Friday, 21 December 2012
THE FEAR OF REACHING OUT TO OTHERS.
I once continued to wait for my father to come. When he was there, when he turned up, everything was fun, then suddenly he was gone again, this kept me locked to the illusion that people would come, that others would help me, love me. Yet, what I was unable to grasp for a long time is that everyone else feels the same way as me. Everyone else is afraid to ask for the same things as I was.
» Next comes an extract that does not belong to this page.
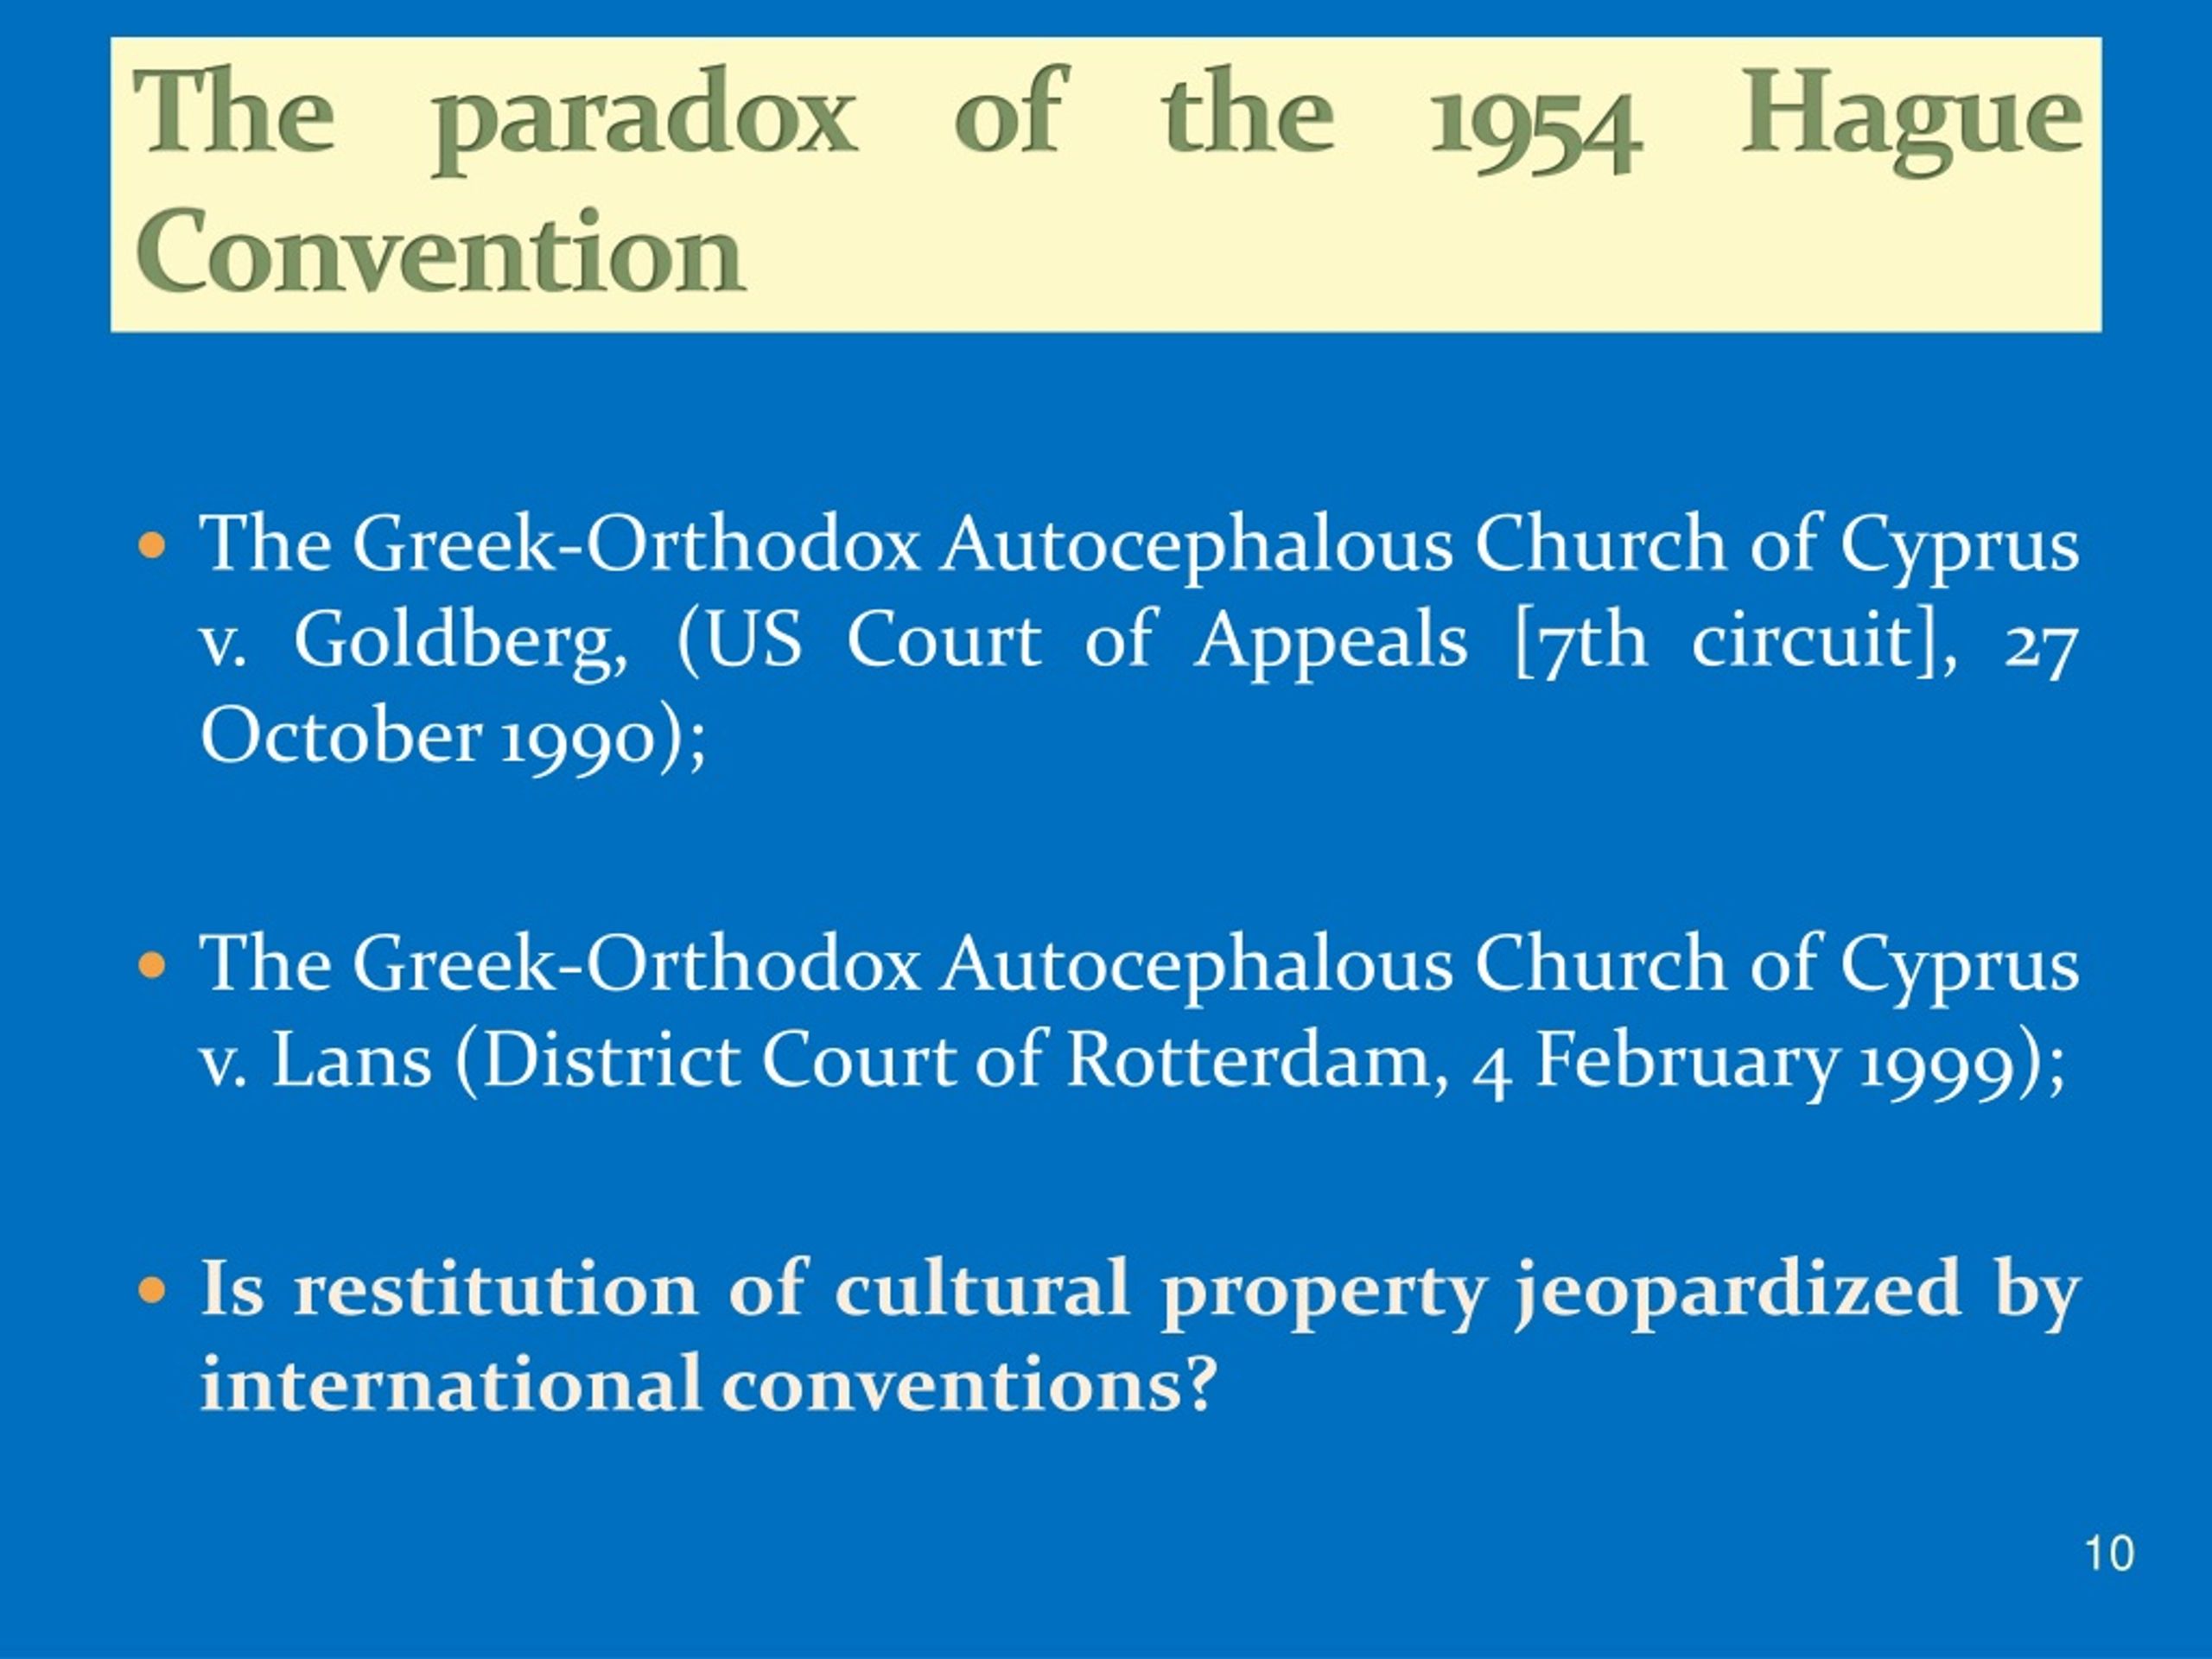 The Hague Convention of 1954 for the Protection of Cultural Property in the Event of Armed Conflict

I continued waiting for people that were ambivalent & unable to make a commitment to me. These issues surrounding this fear or uncertainty as to what to do to make my make a mark in the world has been down to the incredible loneliness, & depression, that came from the combined effects upon me by my parents that I experienced as a child. Continually waiting for my father to turn up to take me somewhere, & then realising that he probably would not arrive, combined with the added disability of my mothers neurosis as an added influence upon me, I grew up without the conviction of a life full of passion. I grew up quiet, alone, & never really sure enough of anyone to believe in myself enough. My sense of self was very much tied up with others impressions of me. I relied heavily upon others for confirmation because I simply did not receive the relevant confirmation from those that I needed it from. A passive mother, & a dominant father, who was ambivalent & dismissive of me, & without the encouragement or support from either of them, I grew up afraid & unable to cope to much purpose in the world that I so wanted to be a part of. I would watch helplessly, without self-empowerment, as others got on with making a life for themselves. Then as I struggled my way through my twenties, my beloved brother was killed by a hit & run driver. Like an animal, he was tossed alongside the road, later to be found by a lady who lived outside the place where he was killed. Naturally, with the coping mechanism I had in place at 28 years of age, I did not cope, & went into full depression. Again, as my parents coping mechanisms were not effective, they too deteriorated. My father hid behind an even greater wall of narcissism, & my mother also stepped up her ante & found she had a voice.
The times in my life that I did try to make a mark, some other more dominant person would come, like a school bully, & present me a challenge, that I would never step up to, & I would run off, dealing with the fall-out of these self-harming patterns later, in the safety of my own home. I would then have to revert to a tried & tested, non-challenging path to tread because it was safe; whether that was a familiar job, a partner, or lack of money. As long as I knew it, everything would be fine, & the challenge, or the bully, would be over. I could count many times over the years when I have not pushed myself to function at a more optimum level, just so as not to have the challenge of standing up for myself in the face of perceived adversity. Oh, I could cope with the internal stuff, that seemed to be easy for me, it was coping in the outside world that I had issues with. Not even the outside world so much, but the lack of confidence at standing up for myself, should I be challenged, Like the man who goes out pretending to be someone else. He can become who he wants to be, but without the challenge of really being it. This person cannot handle any challenge to his sense of self, which is so weak & inauthentic.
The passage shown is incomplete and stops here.